TITRE III : INSTITUTIONS REPRESENTATIVES DU PERSONNEL.
Les délégués du personnel.



3-1-1 Désignation des délégués du personnel.
Il est institué des délégués du personnel dans les entreprises et associations où sont occupés au moins 6 salariés si cet effectif est atteint pendant douze mois, consécutifs ou non, au cours des trois années précédentes.
Les salariés à temps partiel, dont la durée de travail est égale ou supérieure à vingt heures par semaine ou à quatre-vingts heures par mois sont pris en compte intégralement dans l'effectif de l'entreprise.
Pour les salariés dont la durée de travail est inférieure à ces seuils, l'effectif est calculé en divisant la masse totale des horaires inscrits dans ces contrats de travail par la durée légale du travail ou la durée conventionnelle si celle-ci est inférieure.
A l'expiration du mandat des délégués du personnel, l'institution n'est pas renouvelée si les effectifs sont restés en dessous de six salariés pendant au moins six mois. Dans ce cas, le renouvellement intervient dès que les conditions d'effectifs prévus à l'alinéa 1 sont à nouveau remplies ; la période de trois ans étant toutefois calculée à partir du début du dernier mandat des délégués du personnel.
Les élections ont lieu tous les deux ans à la même date que les élections du comité d'entreprise. La direction affiche les modalités des élections, selon le protocole d'accord signé avec les organisations syndicales.
Le nombre de délégués à élire s'effectue comme suit :
- de 6 à 10 salariés : un délégué titulaire ;
- à partir de 11 salariés : application de la législation en vigueur.
Les délégués sont élus pour un an et sont rééligibles.

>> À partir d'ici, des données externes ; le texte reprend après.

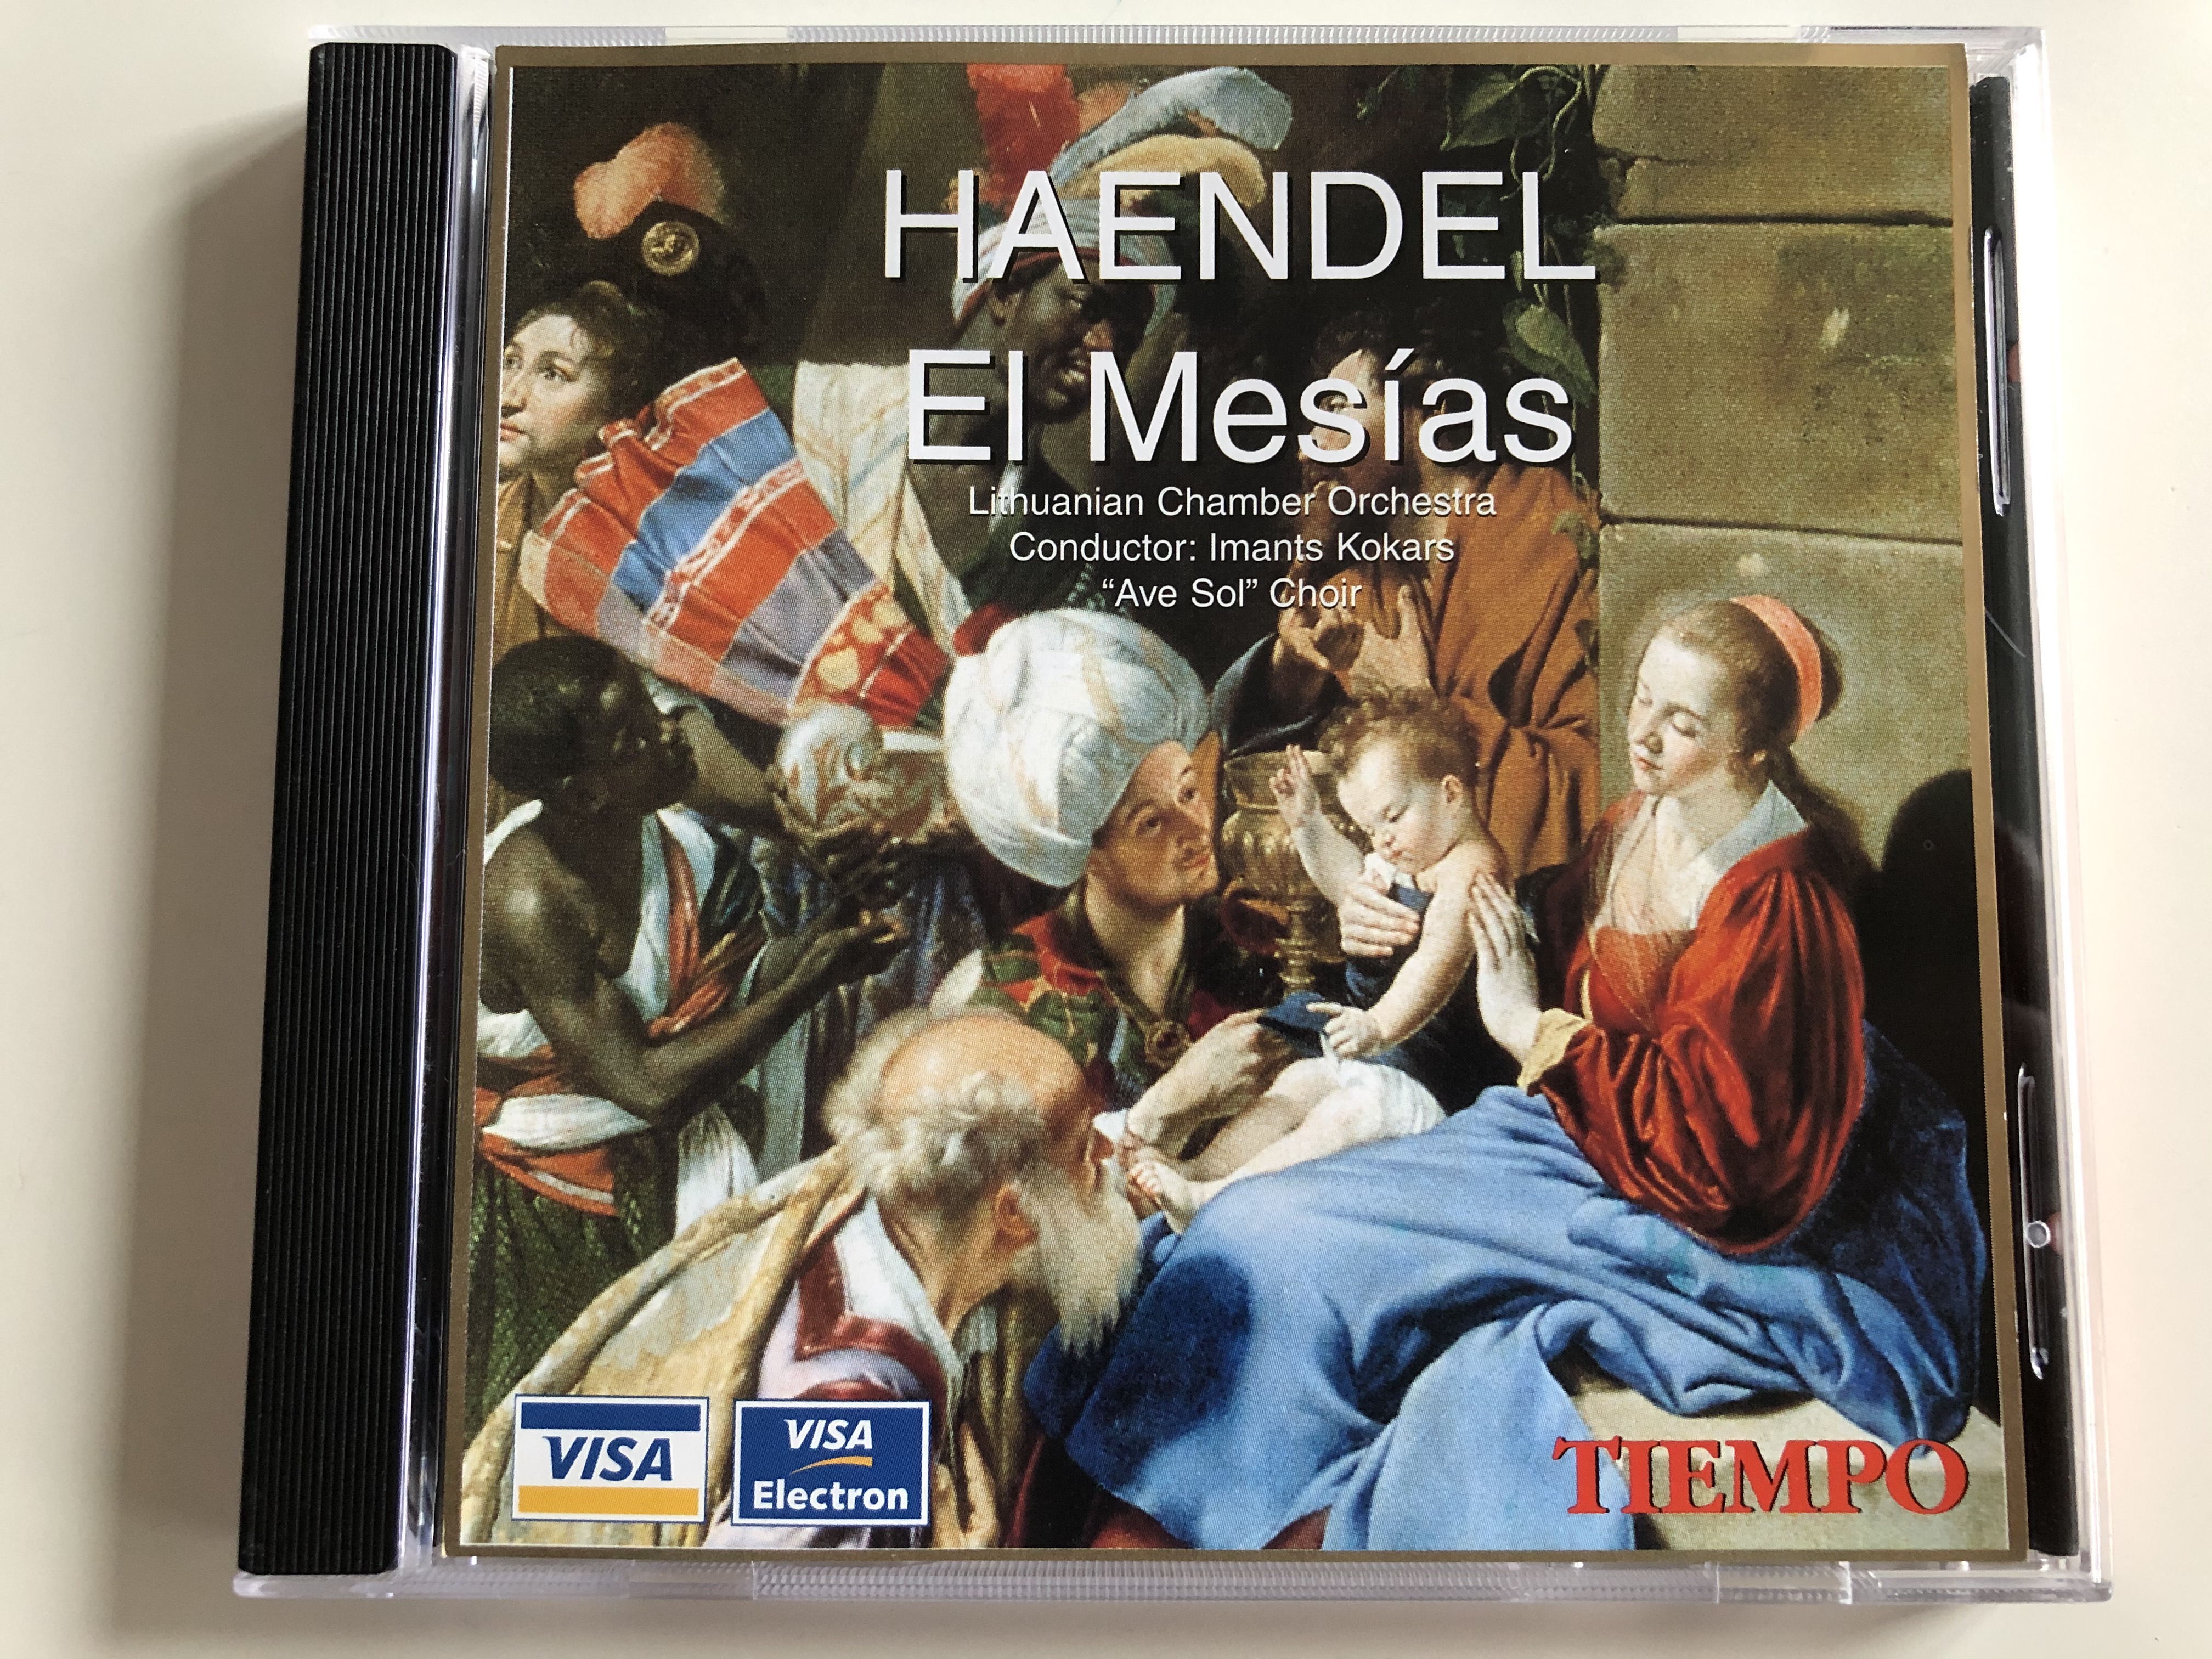 haendel-el-mes-as-lithuanian-chamber-orchestra-conductor-imants-kokars-ave-sol-choir-star-records-audio-cd-1998-na-2442-1-.jpg

3-1-2 Conditions de fonctionnement et attributions.
Les délégués du personnel bénéficient d'un crédit d'heures pour l'exercice de leurs fonctions :
- de 6 à 10 salariés : 2 heures par mois ;
- à partir de 11 salariés : 15 heures par mois.
A la demande d'un délégué titulaire, ses heures de délégation peuvent être utilisées par un autre délégué titulaire ou suppléant. Dans ce cas, un délégué ne peut dépasser 20 p 100 de son crédit initial.
Un local est mis à la disposition des délégués du personnel pour leur permettre de remplir leur mission et notamment de se réunir.
Les délégués sont reçus collectivement par la direction ou ses représentants, au moins une fois par mois. Ils peuvent être reçus, en cas d'urgence, sur leur demande. Ce temps n'est pas déduit du crédit d'heures.
Les délégués du personnel peuvent faire afficher les renseignements qu'ils ont pour rôle de porter à la connaissance du personnel, sur des panneaux prévus à cet effet, distincts de ceux destinés aux communications syndicales.
Pour l'exercice de leur fonction, les délégués du personnel peuvent, durant les heures de délégation, se déplacer hors de l'entreprise. Ils peuvent également, tant durant les heures de délégation qu'en dehors de leurs heures habituelles de travail, circuler librement dans l'entreprise et y prendre tous contacts nécessaires à l'accomplissement de leur mission ; notamment auprès d'un salarié à son poste de travail, sous réserve de ne pas apporter de gêne importante à l'accomplissement du travail des salariés.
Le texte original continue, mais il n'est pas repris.